Victor Hugo
The Hunchback of Notre Dame, Vol I (Chap. 6.4)
A Tear For A Drop Of Water.

These words were, so to speak, the point of union of two scenes, which had, up to that time, been developed in parallel lines at the same moment, each on its particular theatre; one, that which the reader has just perused, in the Rat-Hole; the other, which he is about to read, on the ladder of the pillory. The first had for witnesses only the three women with whom the reader has just made acquaintance; the second had for spectators all the public which we have seen above, collecting on the Place de Grève, around the pillory and the gibbet.

That crowd which the four sergeants posted at nine o'clock in the morning at the four corners of the pillory had inspired with the hope of some sort of an execution, no doubt, not a hanging, but a whipping, a cropping of ears, something, in short,—that crowd had increased so rapidly that the four policemen, too closely besieged, had had occasion to “press” it, as the expression then ran, more than once, by sound blows of their whips, and the haunches of their horses.
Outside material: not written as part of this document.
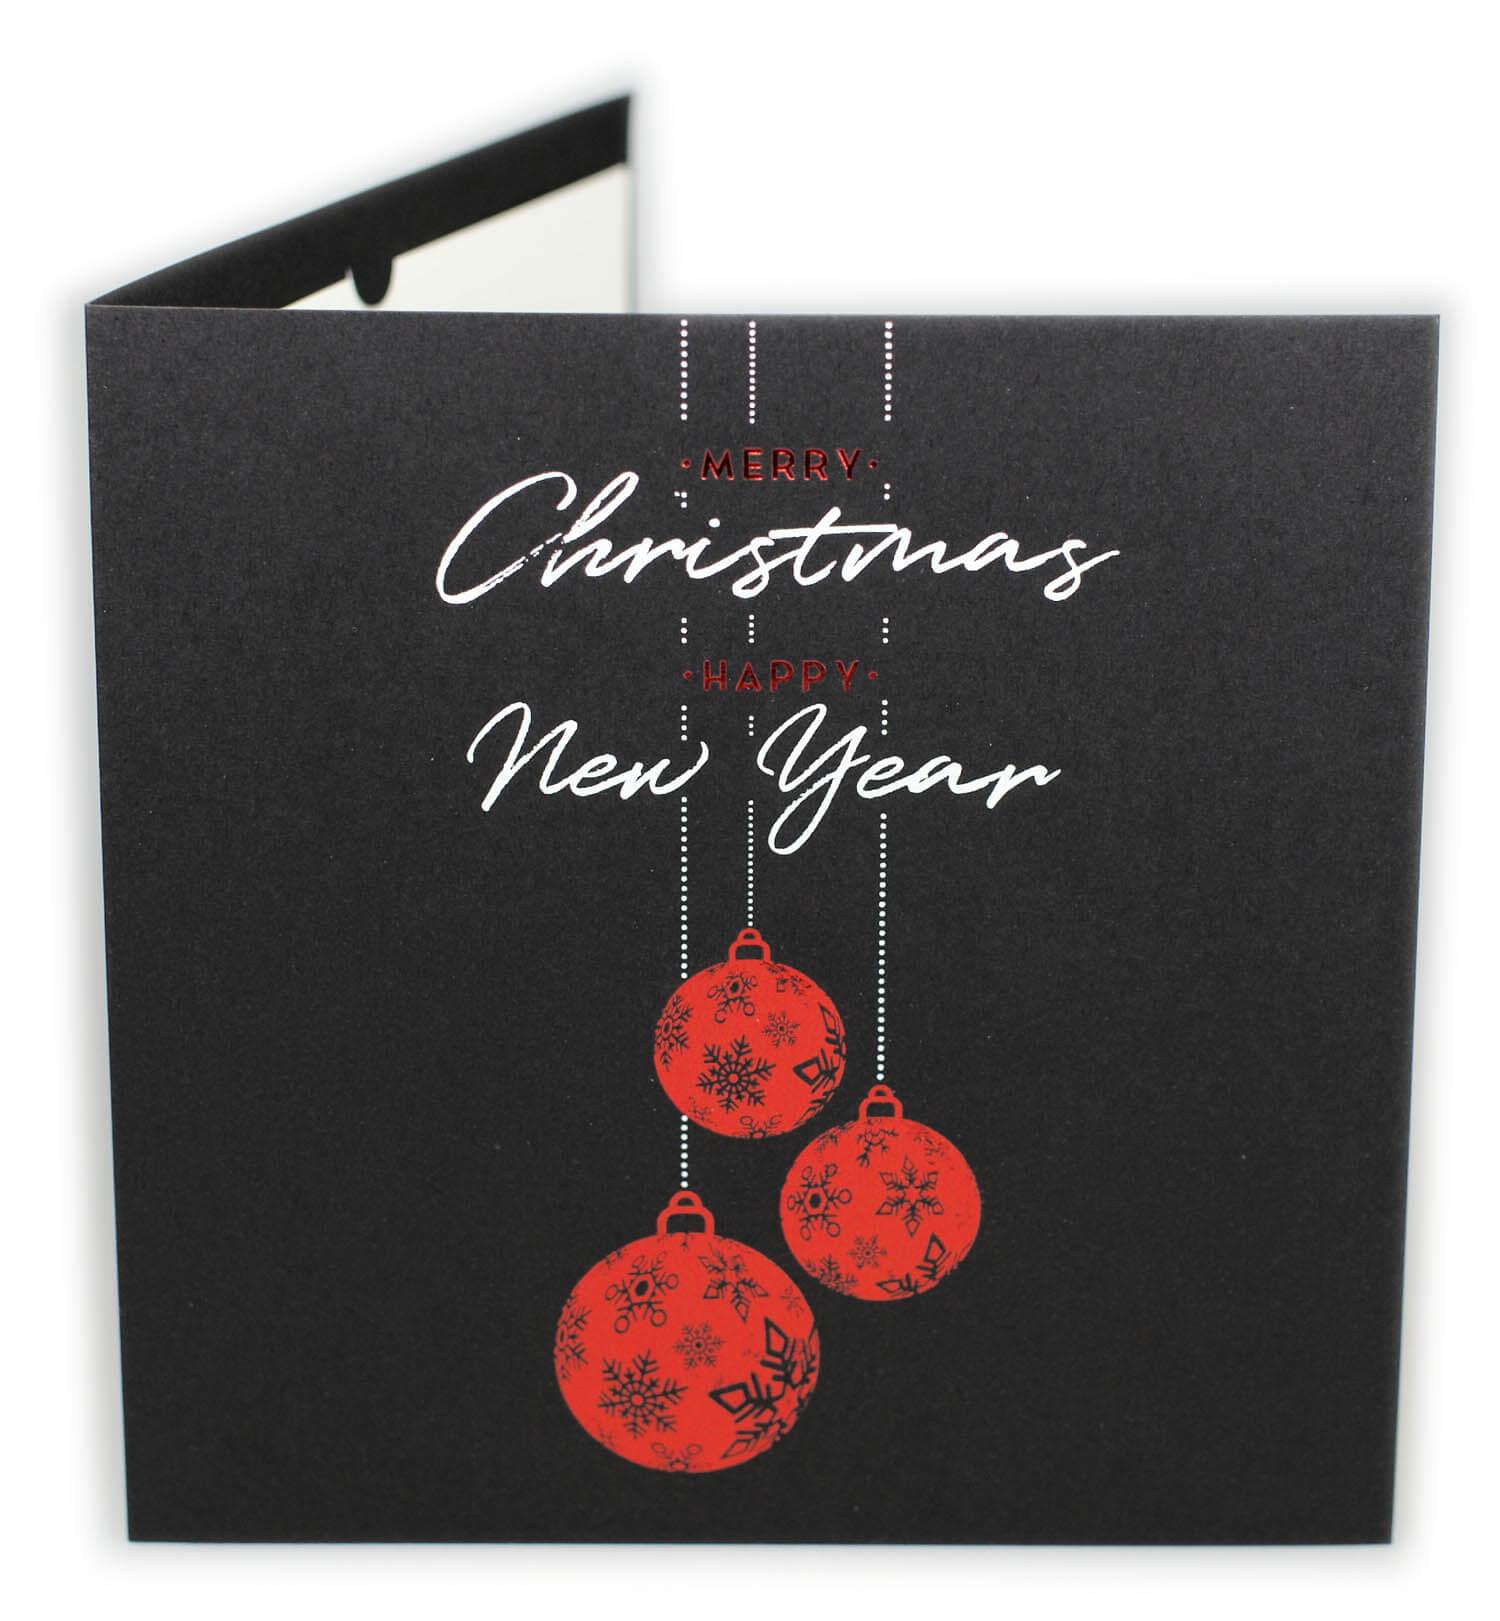 moderne weihnachtskarte in schwarz mit kugeln in rotem. Black Bedroom Furniture Sets. Home Design Ideas
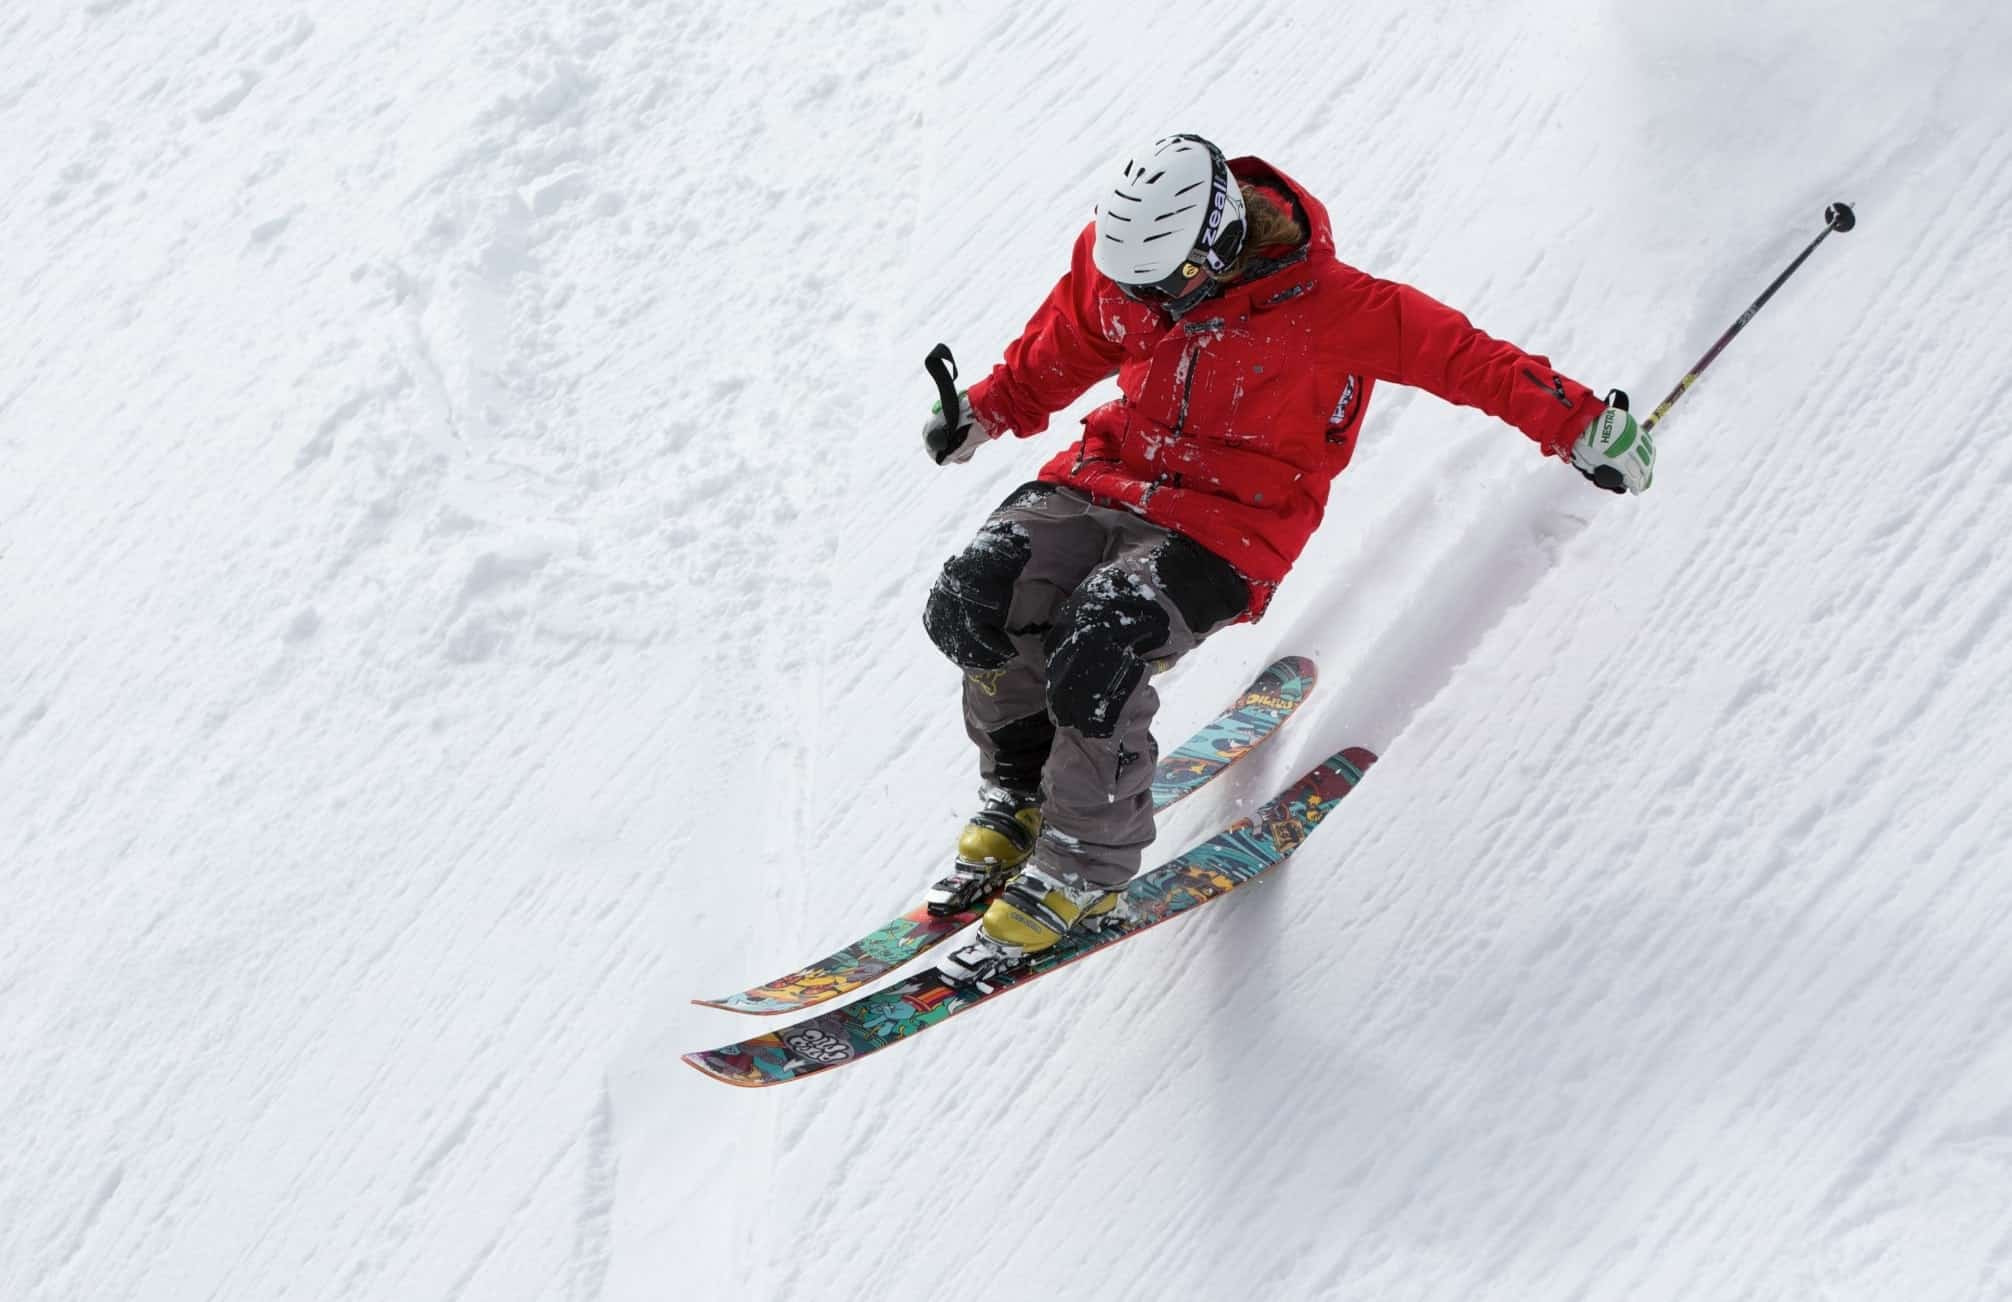 Skier in red skiing down steep slode

This populace, disciplined to waiting for public executions, did not manifest very much impatience. It amused itself with watching the pillory, a very simple sort of monument, composed of a cube of masonry about six feet high and hollow in the interior. A very steep staircase, of unhewn stone, which was called by distinction “the ladder,” led to the upper platform, upon which was visible a horizontal wheel of solid oak. The victim was bound upon this wheel, on his knees, with his hands behind his back. A wooden shaft, which set in motion a capstan concealed in the interior of the little edifice, imparted a rotatory motion to the wheel, which always maintained its horizontal position, and in this manner presented the face of the condemned man to all quarters of the square in succession. This was what was called “turning” a criminal.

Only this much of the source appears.